Entry into a Material Definitive Agreement.
On
December 19, 2017 we entered into a Securities Purchase Agreement
(“SPA”) with Auctus Fund, LLC, a Delaware limited
liability company (“Purchaser”), pursuant to which we
issued and sold to the Purchaser a convertible promissory note,
dated November 20, 2017, in the principal amount of $112,500 (the
“Note”). In connection with the foregoing, we also
entered into a Registration Rights Agreement with the Purchaser
dated November 20, 2017 (the “Registration Rights
Agreement”). Effective as of December 19, 2017 we also
entered into Amendment No. 1 to the SPA which provides that the
SPA, Note and Registration Rights Agreement shall each be deemed to
be dated December 19, 2017, the closing date of the
transaction.
The Note, which is due on August 20, 2018, bears interest at the
rate of 12% per annum. All principal and accrued interest on the
Note is convertible into shares of our common stock at the election
of the Purchaser at any time at a conversion price equal to the
lesser of (i) the lowest trading price for our common stock during
the 25 trading days prior to the issuance date of the Note, or (ii)

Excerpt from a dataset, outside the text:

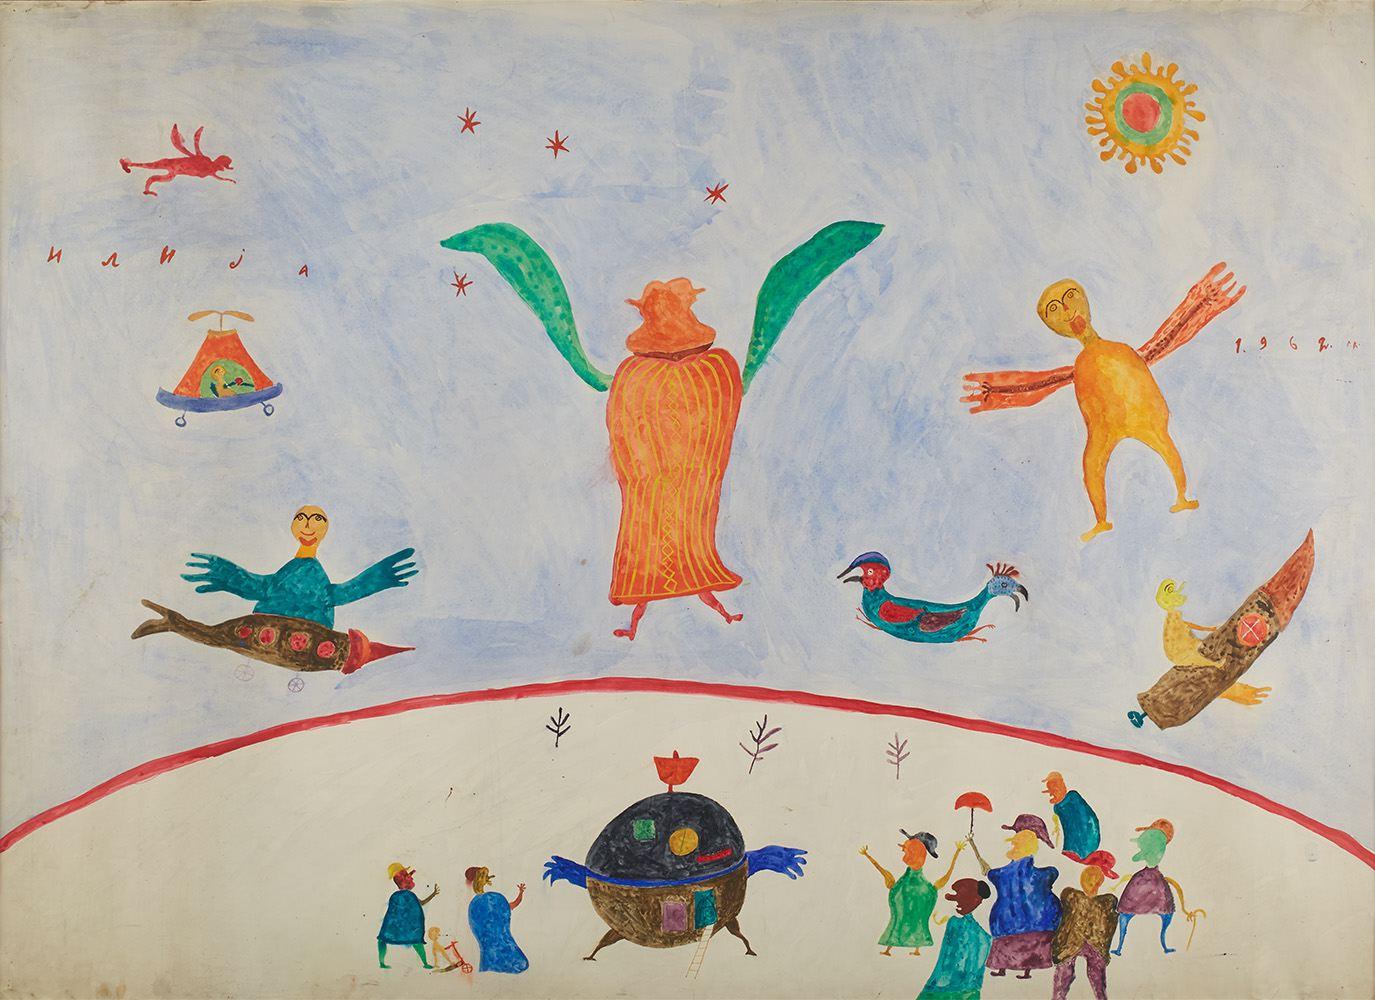 Ilija Bosilj Bašičević,   Interplanetary Travelers  , 1962, Gouache on paper, 42.125 x 59.125 inches, 107 x 150.2 cm, IBo 13

a 50% discount to the lowest trading price for our common stock
during the 25 trading day period immediately prior to
conversion.
The conversion price discount will increase by 10% should we no
longer be DWAC eligible; increased by 15% if we experience a DTC
"chill" on our shares; and if both no longer DWAC eligible and a
DTC chill the discount will be increased by 25%. The discount
increases an additional 30% if we cease to be a reporting company
pursuant to the Securities Exchange Act of 1934, as amended, or if
we fail to deliver free trading stock to the Purchaser upon a
conversion of the Note after 181 days from the issuance date of the
Note. Further, our failure to timely deliver shares to the
Purchaser upon conversion will result in a payment to Purchaser of
$2,000 in cash per day.
We have the right to prepay the Note within 90 days of the issuance
date at a premium of 135% of all amounts owed to Purchaser and at a
premium of 150% if prepaid more than 90 but less than 180 days
following the issuance date. We have no right to prepay the Note
more than 180 days after the issuance date.
The Note contains customary default events which, if triggered and
not timely cured, will result in default interest and penalties.
The Note also contains a right of first refusal provision with
respect to future financings by us. Pursuant to the Registration
Rights Agreement, we are required to register the shares into which
the Note is converted. We must file the registered shares within 60
days of the filing date and have it declared effective within 180
days of the filing date.
The foregoing description of the Securities Purchase Agreement, the
Note, the Registration Rights Agreement and the transactions
contemplated thereby does not purport to be complete and is subject
to, and qualified in its entirety by reference to, the full text of
the Securities Purchase Agreement, the Note and the Registration
Rights Agreement which are included in this Current Report as
Exhibits 10.1 and 10.2, respectively, and are incorporated herein
by reference.
Item 3.02.
Unregistered Sale of Equity Securities.
Reference
is made to the disclosures set forth under Item 1.01 above, which
disclosures are incorporated herein by reference.
Effective
December 19, 2017 we issued a convertible promissory note in the
principal amount of $112,500 in reliance on Section 4(a)(2) of the
Securities Act of 1933, as amended.
Item
9.01. Financial Statements and Exhibits.
(d)
Exhibits
Exhibit No.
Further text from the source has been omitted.